Sun Cluster 3.2 problems

We have setup a two-node cluster on two v240s running SC 3.2 and Solaris 10 11/06 with a Recommended Patch set from earlier this May.

The cluster was created, we have two interconnects using crossover cables on bge2 and bge3, one 60GB LUN from an IBM SAN setup as a quorum device and for data, bge0 is on our public LAN, and one resource group running Oracle 10gR2 and there are no relavent errors in the logs or from the output of 'sccheck'. I set this up and got the resource group running and started testing failover. We did manual switches a few times without problems. Then we tried to simulate something more random and rebooted the primary cluster node. The resource group seemed to failover cleanly; however, when I tried to switch it back to the first node (which had come up again), we got the error "the resource group is undergoing a reconfiguration, please try again later." I tried to do a quiesce but that just sat there and seemed to do nothing; ended up killing the process. The individual resources began to show up as failed or in various error states. Eventually I was able to get those cleared and everything marked as offline, but

when I try to online the group or switch, I get the same "the resource group is

undergoing a reconfiguration, please try again later." Even after doing a

complete shutdown and boot up of the entire cluster. I also mounted the disk and started the database by hand and it all seemed well so the issue seems to be cluster related, but I can not find any more detailed errors or more information from google or docs.sun.com. Anyone else have any pointers on where to look on the cluster or any other suggestions?

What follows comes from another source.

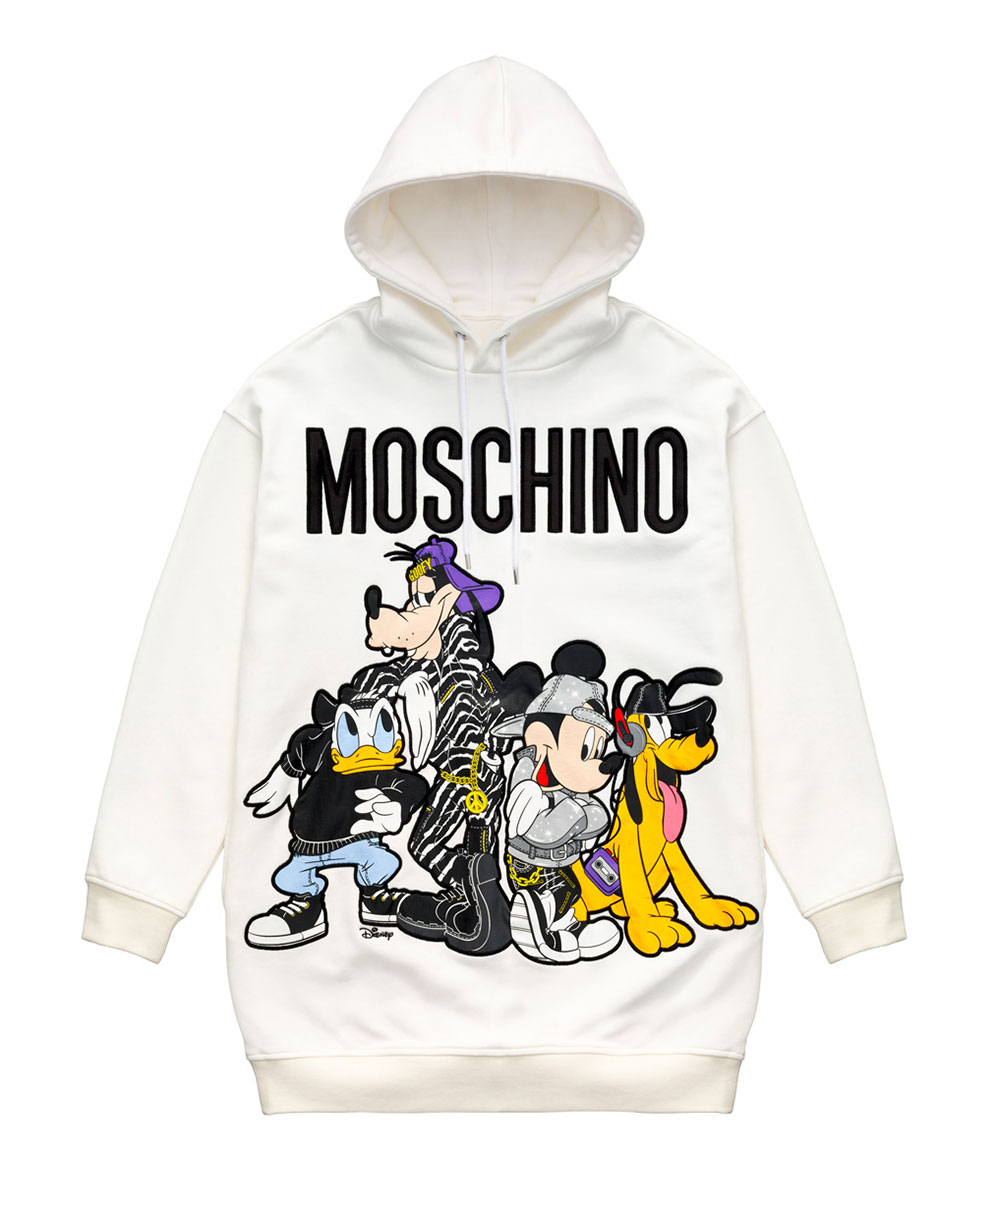 Vit sweatshirt med Disney-firgurer H&M x Moschino

A second problem that concerns me, although it isn't strictly as important, is

that 'cluster shutdown' does not work despite the configuration and the physical setup seeming to be ok. I issued the command and it broadcast a message on both nodes that it would shut down in 60 seconds, but did nothing else. Any ideas?

I put most of this post together yesterday, so I have an update. After 6+ hours the resource group seems to have become available and working again. No actual time on when that occurred, so it could have been closer to 24 hours, and, of course, no information on why. I don't think HA is functioning if it takes that long to become available after a fault. On this particular issue, does anyone know where I can find more detailed information about what may have occurred over the last 24 hours and when and why the group became functional again?

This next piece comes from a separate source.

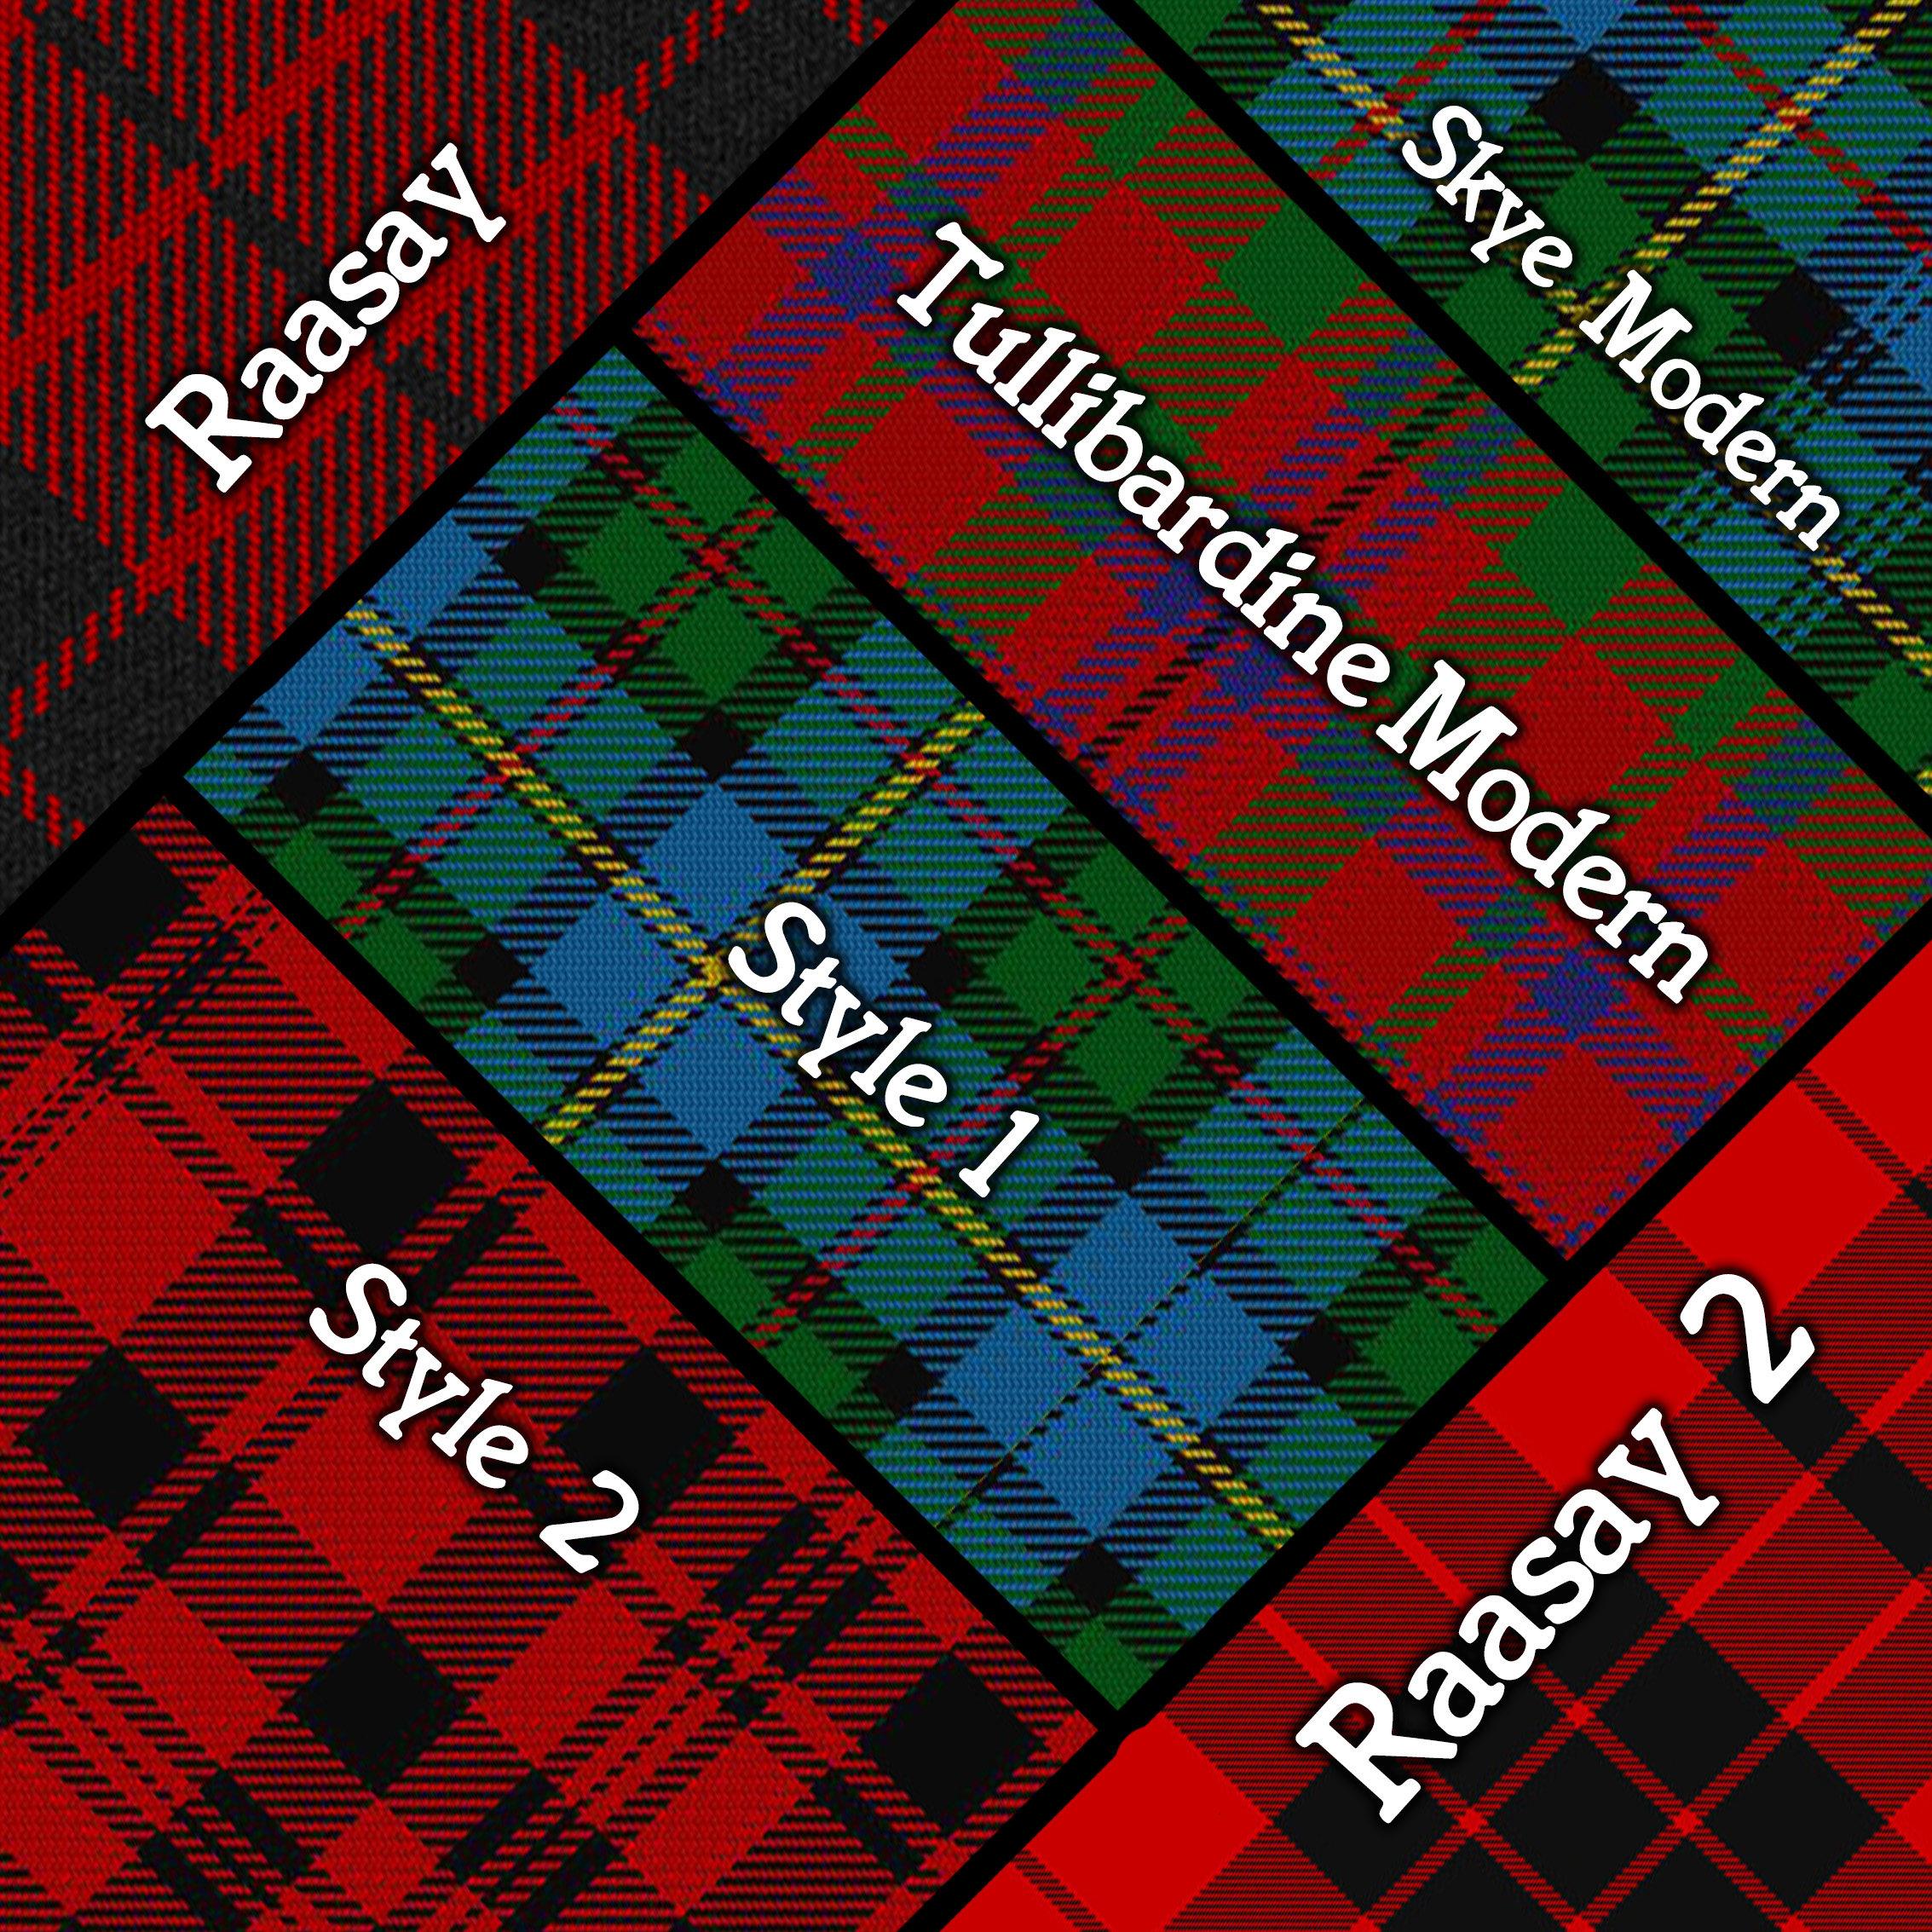 Macleod Sun Badge Shield Plaque With Scottish Clan Coat Of

[2583 byte] By [AlanRa] at [2007-11-27 5:26:49]
# 1

> We have setup a two-node cluster on two v240s running

> SC 3.2 and Solaris 10 11/06 with a Recommended Patch

> set from earlier this May.

OK, that's a good start.

> The cluster was created, we have two interconnects

> using crossover cables on bge2 and bge3, one 60GB LUN

> from an IBM SAN setup as a quorum device and for

> data, bge0 is on our public LAN, and one resource

> group running Oracle 10gR2 and there are no relavent

> errors in the logs or from the output of 'sccheck'.

I assume this is HA-Oracle and not Oracle 10g R2 RAC?

If so, do you have a fail-over file system or a global file system. In either case have you configured an HAStoragePlus resource?

> I set this up and got the resource group running and

> started testing failover. We did manual switches a

> few times without problems. Then we tried to

> simulate something more random and rebooted the

> primary cluster node. The resource group seemed to

> failover cleanly; however, when I tried to switch it

> back to the first node (which had come up again), we

> got the error "the resource group is undergoing a

You might have hit the pingpong interval. There is a property call the pingpong interval, which is usually set to 3600 seconds. This is there to stop a resource group bouncing back and forward between nodes. Effectively, it says, if you tried to start here within the last pingpong interval then you can't try again. Check the manual for the exact description as I'm paraphrasing somewhat.

> reconfiguration, please try again later." I tried

> to do a quiesce but that just sat there and seemed

> to do nothing; ended up killing the process. The

> individual resources began to show up as failed or

> in various error states. Eventually I was able to

> get those cleared and everything marked as offline,

> but

> hen I try to online the group or switch, I get the

> same "the resource group is

> undergoing a reconfiguration, please try again

> later." Even after doing a

> complete shutdown and boot up of the entire cluster.

Not sure what is going on here. If you can reproduce the scenario, then it would help to have the /var/adm/message logs from around that time and also enable debugging on the Oracle resource. Check the manual for details on how to do this.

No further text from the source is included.